Les parlementaires réussiront-ils à sauver leurs retraites ?

Députés et sénateurs, qui voteront à l'automne la réforme des retraites préparée par Éric Woerth, auront bien du mal à préserver leur propre système de retraite. Un régime qui est sans doute le plus spécial des régimes spéciaux, parce qu'il est très avantageux.
Interrogé voici quelques semaines, Éric Woerth a convenu qu'« on ne pouvait pas demander un effort aux Français sans demander un effort aux parlementaires ». Louable intention, si ce n'est que le gouvernement n'a aucune possibilité de leur imposer une réforme de leur propre retraite. En vertu du principe de séparation des pouvoirs, les élus du peuple décident comme bon leur semble de leur régime. Mais qu'on se rassure : Bernard Accoyer, le président de l'Assemblée, a compris le message : « Notre régime doit s'adapter. Tous les Français vont faire des efforts. Les députés, comme ils l'ont déjà fait, vont en faire », a-t-il promis sur Canal Plus.

Sacrifices

En 2003, poussés par les circonstances, les parlementaires ont déjà fait des sacrifices. Ils ont reculé l'âge légal de départ à la retraite à 60 ans, contre respectivement 55 ans pour les députés, et 53 ans pour les sénateurs auparavant, pour s'aligner sur les fonctionnaires. La durée de cotisation est également passée progressivement à quarante et un ans, pour disposer d'une retraite à taux plein. Autre réforme déjà consentie par les parlementaires : à partir de 2012, un fonctionnaire élu au Parlement ne pourra plus cotiser à la fois pour sa pension d'élu et d'agent de l'État, ce qui permettait auparavant de cumuler deux retraites à taux plein (voir article sur « Les retraités gâtés »). Les députés issus du privé devront, eux, prendre l'engagement écrit auprès du bureau de l'Assemblée de ne plus cotiser à une caisse de retraite professionnelle durant leur mandat.

Rendement

Mais, malgré ces louables efforts pour se mettre au diapason de leurs concitoyens, les parlementaires disposent toujours d'un système de retraite très particulier et très favorable. Afin de contrebalancer le « risque électoral » - par définition, un élu n'est jamais certain d'être réélu - les députés peuvent cotiser double (au taux de 16,6 %) les quinze premières années de leur mandat. Ce qui représente actuellement 1.172 euros par mois, soit 21 % de leur indemnité parlementaire de base. Au delà de ces trois mandats, ils cotisent au rythme d'une annuité et demi par an durant cinq ans, puis normalement au-delà. Si bien qu'ayant été élu durant un seul mandat, un député peut percevoir une pension de 1.550 euros. Pas mirobolant, mais c'est le niveau moyen de la retraite d'un salarié du privé après quarante ans de cotisation...

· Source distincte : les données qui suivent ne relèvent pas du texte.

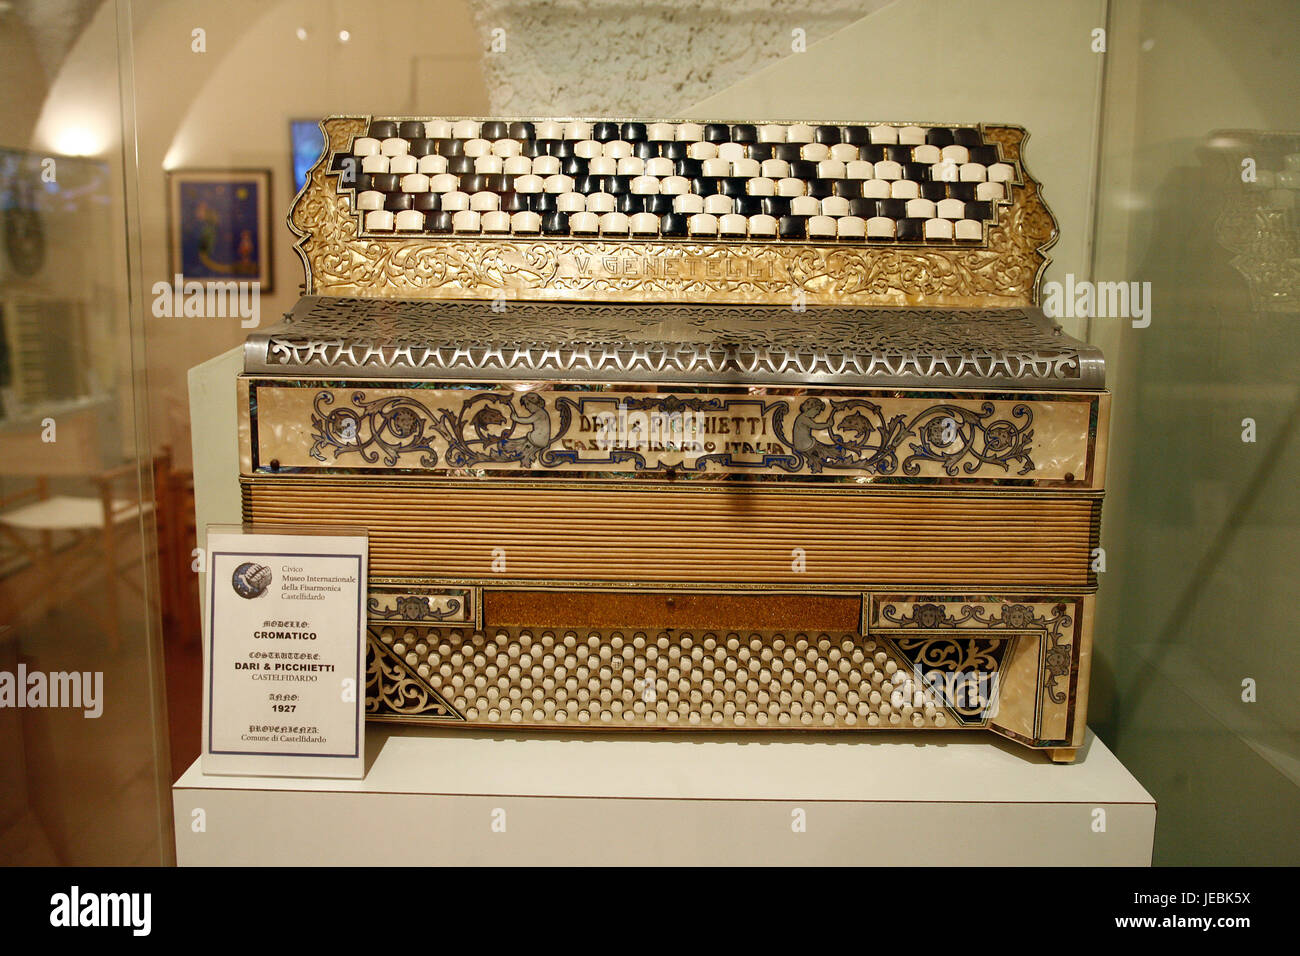 Italy Marche Castelfidardo (AN): Civic International Museum of Accordion. Exposition of ancient accordions. Stock Photo

En revanche, un parlementaire ayant cotisé au maximum peut partir avec une pension de 6.000 euros. En d'autres termes, ce même parlementaire touchera six fois plus qu'il n'a cotisé durant toute son activité ! Quel autre régime procure un tel rendement ? Dans la pratique, pourtant, la pension moyenne d'un député est aujourd'hui de 2.700 euros, et celle d'un sénateur est de 4.400 euros...

Subventions

La caisse de retraite des députés, créée en 1904, verse chaque année près de 66 millions d'euros de pensions aux anciens élus du Palais-Bourbon, l'équivalent de 13 % du budget global de l'Assemblée. Mais les cotisations ne représentent que 23 millions, dont les deux tiers sont acquittés par l'Assemblée elle-même en tant qu'employeur. Pour équilibrer le régime, l'Assemblée verse donc en plus une subvention de 42 millions. Le budget de l'Assemblée étant financé par celui de l'État, c'est donc le contribuable qui finance au bout du compte l'essentiel de la retraite des députés.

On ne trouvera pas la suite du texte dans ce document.